Most died with a prayer on their lips and in their hearts with love for God and their neighbour, even for their oppressors and executioners. Their strength was given by their living faith in Christ’s resurrection. They valued truth and justice more than their own lives, so they stood up to unjust violence and – just like Ukrainians today – to defend their home and family. He also emphasised that, unfortunately, there has not yet been a formal condemnation of all three totalitarian systems and their violence at the national level in Slovenia. Physical killings during and after the war were followed by defamation of the good name of those killed. The doubt was unjustifiably sown among the people that they must have done something bad if they were murdered. “We note with regret that this type of propaganda and malicious rumours did not stop until today,” said the bishop of Novo mesto.

No proven guilt

Violence against innocent victims, who have not been proven guilty, continues even today, as they are not allowed to be buried in graves close to their relatives. The right to a grave is a fundamental human right and represents the true value of the universal human ethos. “It is our human duty to bury the dead and show them respect. The right to a grave derives from the inalienable dignity of every human being. Preventing the respectful burial of those brutally killed is a crime against humanity and represents disrespect for the fundamental norms of civilisation. What kind of country and society are we if individuals can allow themselves to prohibit the burial of innocent victims, among whom are the murdered Roma or other of our compatriots, buried in Kočevski Rog and other murder sites around Slovenia?”

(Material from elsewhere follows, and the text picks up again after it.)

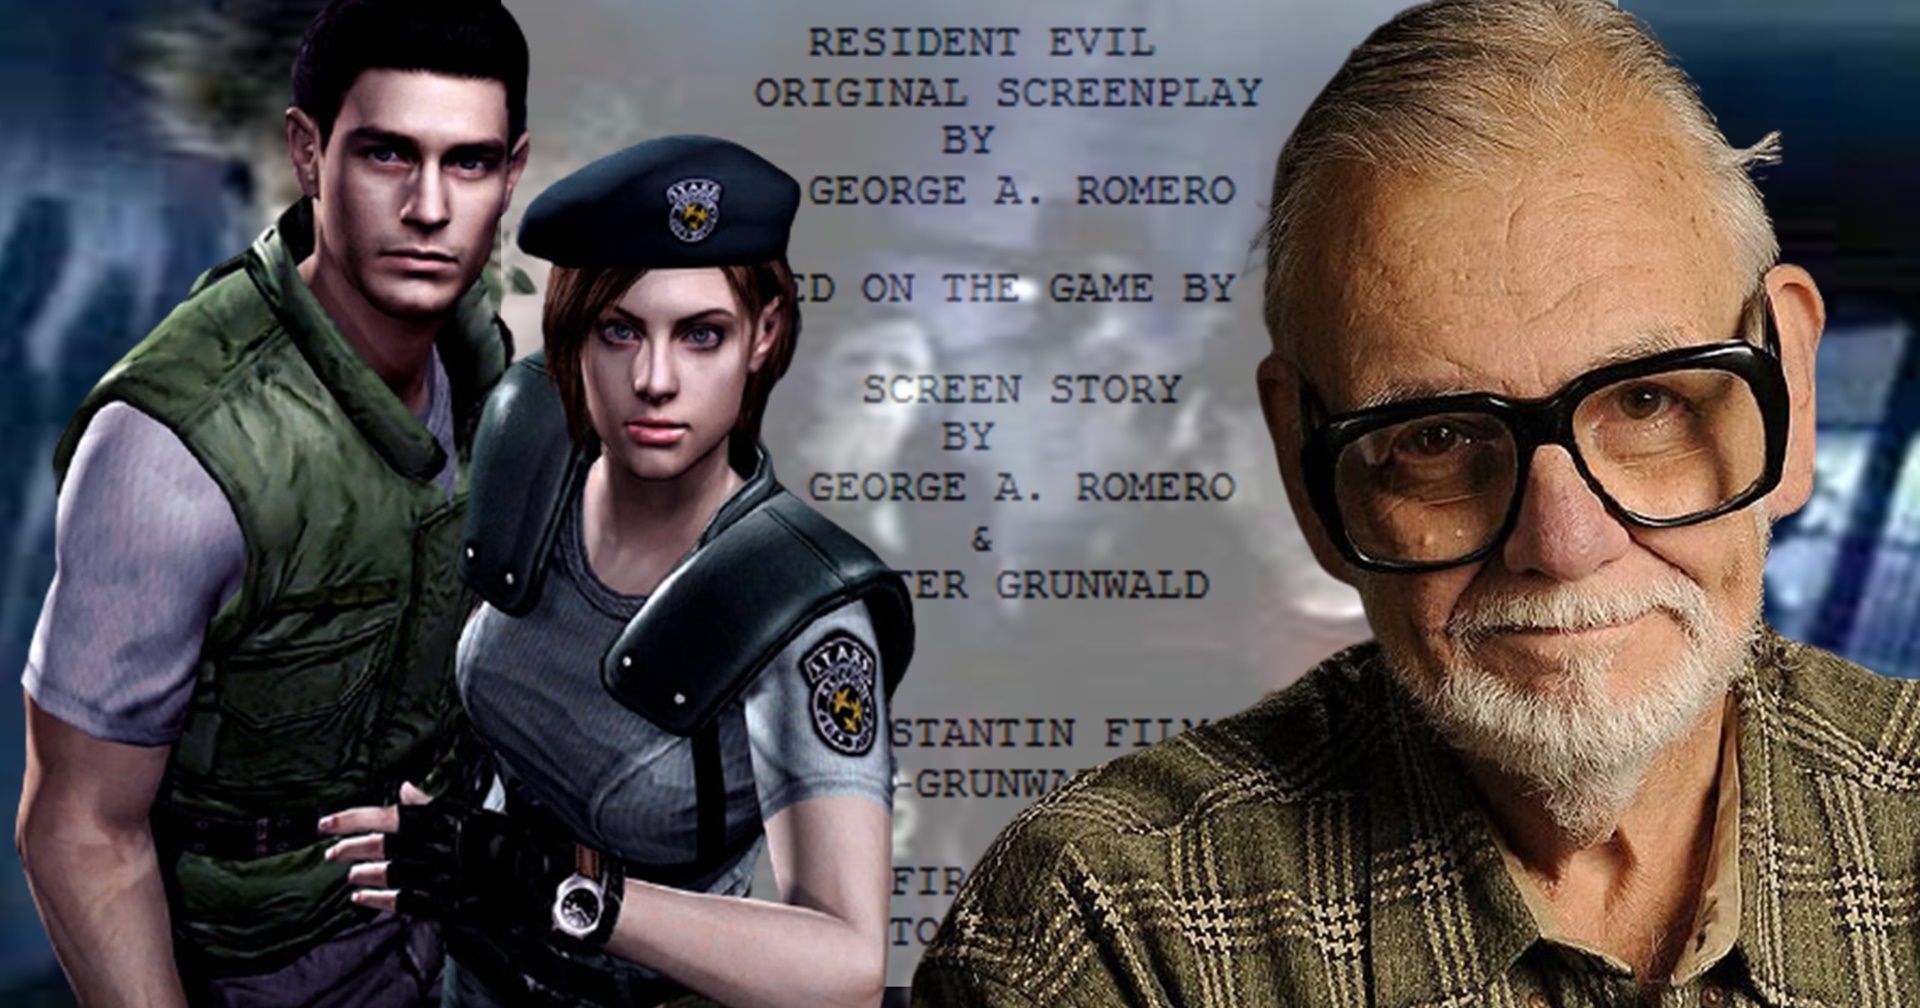 เราเกือบได้เห็นภาพยนตร์ Resident Evil ของ George A. Romero เจ้าพ่อหนังซอมบี้ในตำนาน

“The burial of the dead in graves has been one of the peculiarities of the human race since its beginning. There will be no peace in our nation and no overcoming of destructive divisions until we overcome the ideological interpretations of the past, reach a consensus on historical facts and respectfully bury all our people,” emphasised the bishop of Novo mesto.

Victim rehabilitation begins with proper identification

We are bound by the Resolution of the European Parliament European Consciousness and Totalitarianism and the Declaration of the Slovenian Academy of Sciences and Arts on Reconciliation. The latter represents an important step towards national reconciliation and condemnation of all crimes. Important steps in the rehabilitation of the victims are the proper identification of the exhumed, their burial either in local cemeteries or in a decent place in the centre of Ljubljana, and the correction of injustices that have not yet been resolved. Dr Andrej Saje thanked the President of the country, Borut Pahor, for his committed efforts and sincere search for a path to national reconciliation. “We wish that such efforts would be strengthened in the future.”

“I invite everyone to reflect on the blessings and live them in our lives and in our mutual relationships, and through faith in God we are the building blocks of truth, peace and justice,” concluded Dr Saje.